I kind of knew that War was going to wind up at least moderately loveable, just from its opening gambit. That would be a trio of intertitles, apparently written in direct response to the endemic and trifling criticism that the arbitrary names of these new Apes movies tend to describe other films in the trilogy even better, which is funny, since War makes it a genuine tradition. (War is a better title for Dawn; Dawn is a better title for Rise; and Rise, of course, is a better title for War; and one of the reasons this might be the last one is that they've run out of all the good nouns.) In any event, this is the last thing that's even mildly amusing until almost an hour later, when Bad Ape shows up, and makes us laugh by being the most pitiful and deranged inhabitant of the end of the world. Perhaps I already mentioned this thing was glum?

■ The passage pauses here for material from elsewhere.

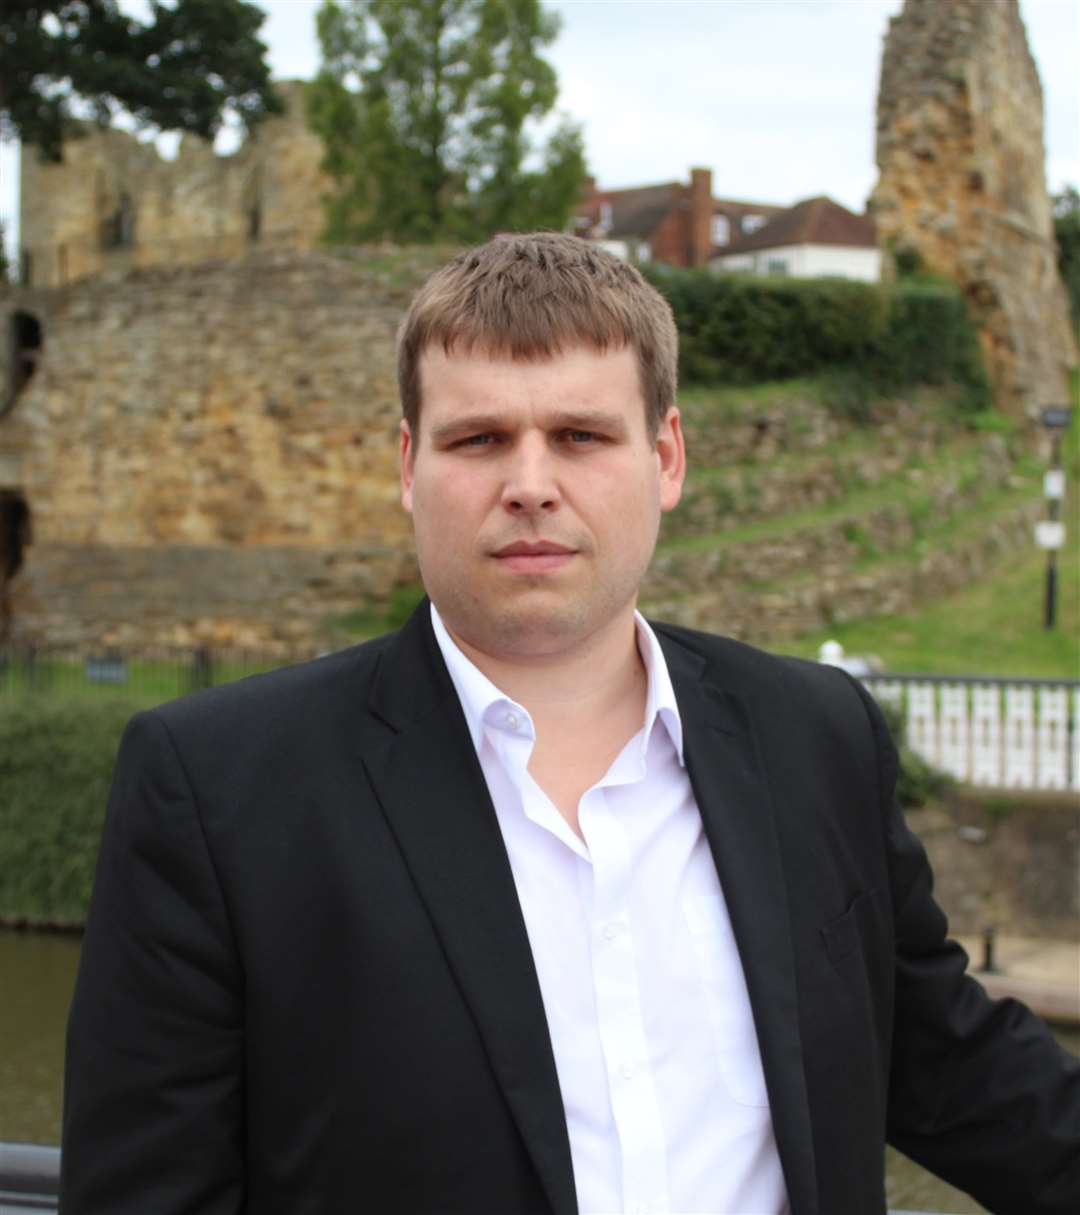 Leader of the council, Conservative Matt Boughton
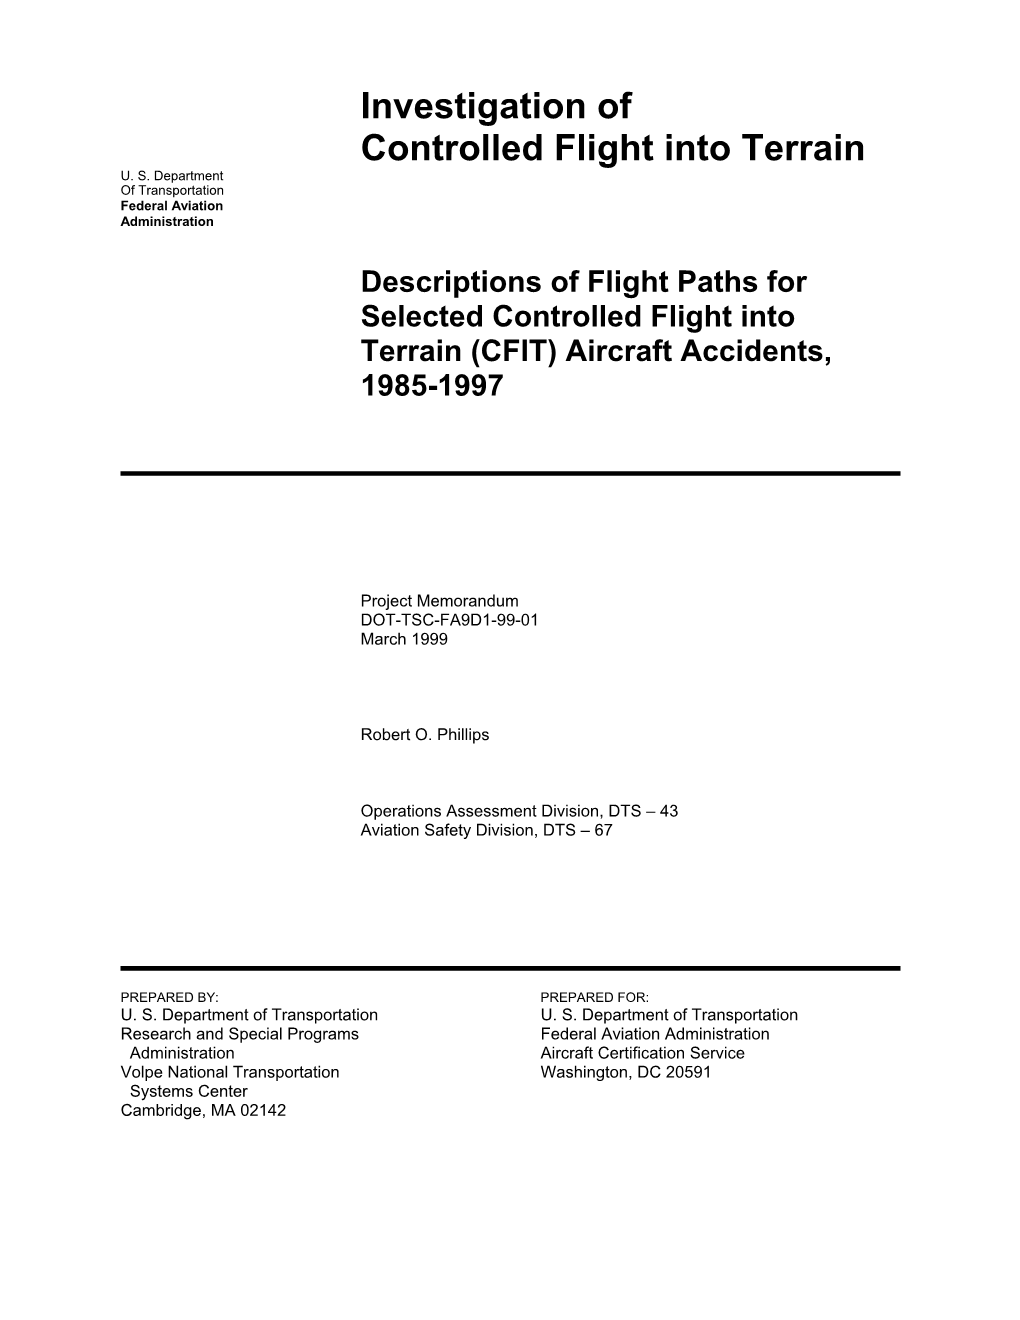 Investigation of Controlled Flight Into Terrain U

It is loveable, nevertheless. Even as our apes talk with abandon (the shifts between the apes'
rarer-and-rarer native sign language and their increasingly-dominant
English speech comes and goes as if by whim, this time around), and even as you wonder what difference it makes that we're not actually looking at human wanderers of the wasteland (other than delivering the technological spectacle that has, you'll agree, always justified these movies, regardless of any other factor whatsoever), the inhuman hominidity of our heroes does do some very, very subtle work in War, which is to render their utterly basic motivations far more interesting than they would be if they were applied to human beings. (For example, there is no way on Earth that the marginal character work they give Luca would play for even a second with a human on the screen—not to spoil things, but he has two whole character beats, and one leads directly into the other in a way that would make you roll your eyes right out of your skull at the cliche of it, if he were human. But, as a gorilla? Hell, it almost works.) I expect that giving us a league of cartoons to cheer for also makes witnessing the bitter end of humanity more palatable, too.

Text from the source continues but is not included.